As the Russians most certainly know, the spread of easy-to-build drones and how to program them is now in the hands of terrorists. Almost anyone can glue and tape together a drone. The GPS and radios to control it are on the open market and easy to get. The drone engines were expropriated from small lawn mowers or weed whackers and there are tens of thousands of them around. Such drones are hard to detect on radar and difficult to shoot down. Every counterintelligence organization in the world is going to have its hands full trying to stop the drone terrorists before they strike.
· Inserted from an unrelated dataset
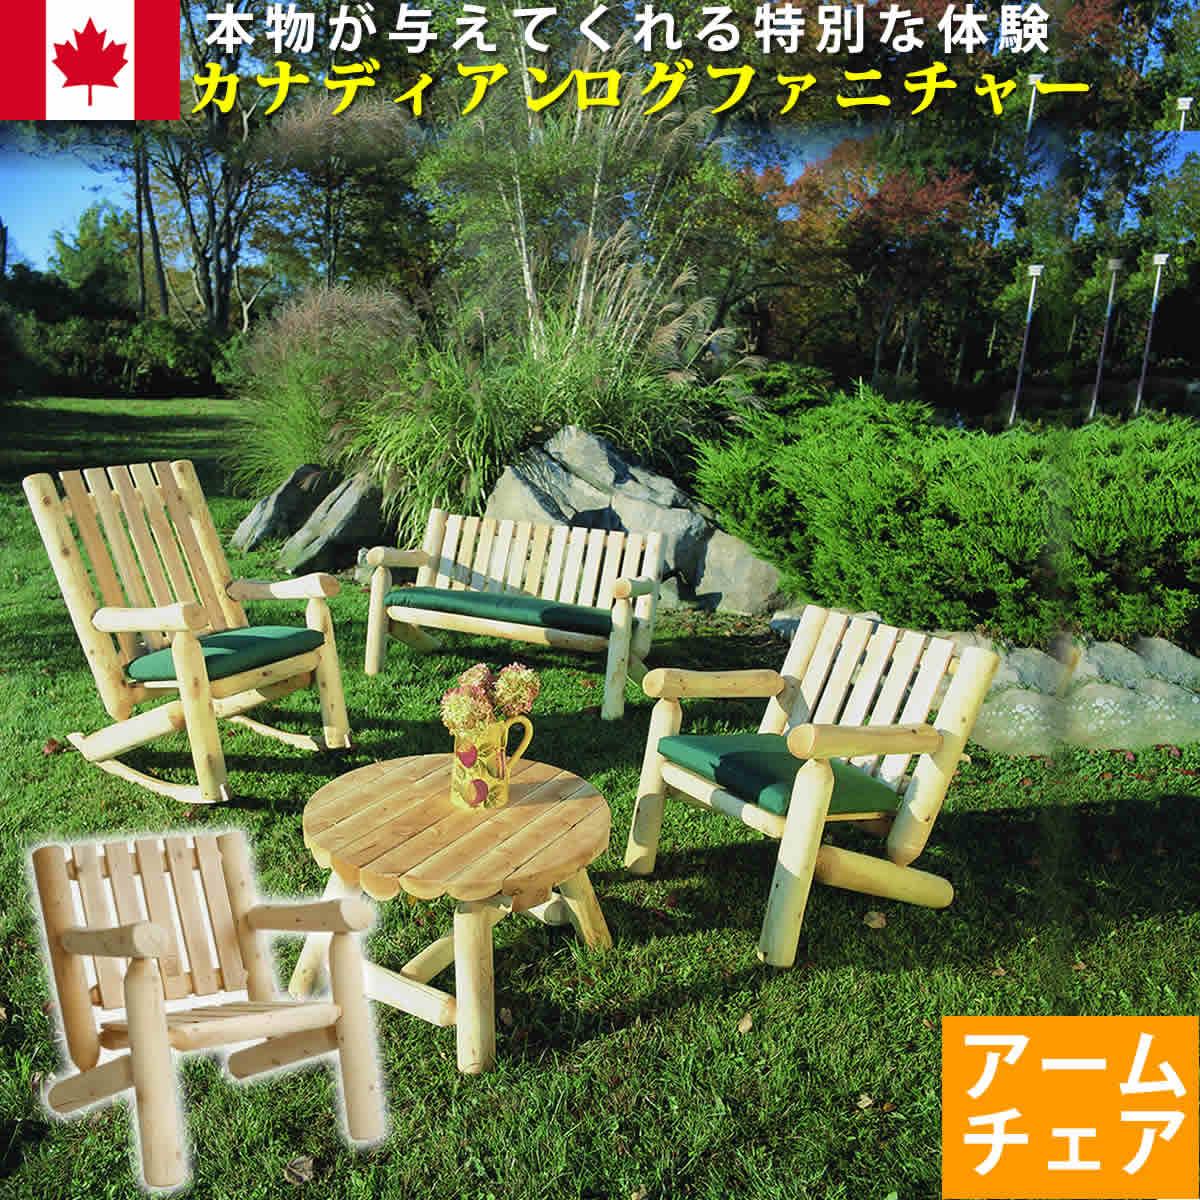 Cedar Looks アームチェア 天然木製 アウトドア ガーデンファニチャー ホワイトシダー 米杉 ログファニチャー セット 屋外 庭 園芸 エクステリア 住まいスタイル 送料無料

Similarly there is nothing hard about building even stronger drones that can carry larger weapons.
Many years ago when I was in the Pentagon the head of Naval Intelligence approached my office and asked what we could do about small manned aircraft being sent to Syria. He was worried that such aircraft could carry as much as a 500lb bomb and strike our ships operating off the coasts of Lebanon and Syria. Luckily, we were able to be of some help because the aircraft were made in California and the company was persuaded that even though the planes were not then export controlled, we did not want them going to Syria.
Things are even more difficult now. Most of the parts needed for making a drone (especially the engines and electronics) come from China, not the USA. And the PETN filled bomblets are easy to make so long as the arms black market is thriving.
In the short term where we could best work with the Russians and other countries is to shut down the global arms bazaar that functions brazenly in Syria and elsewhere.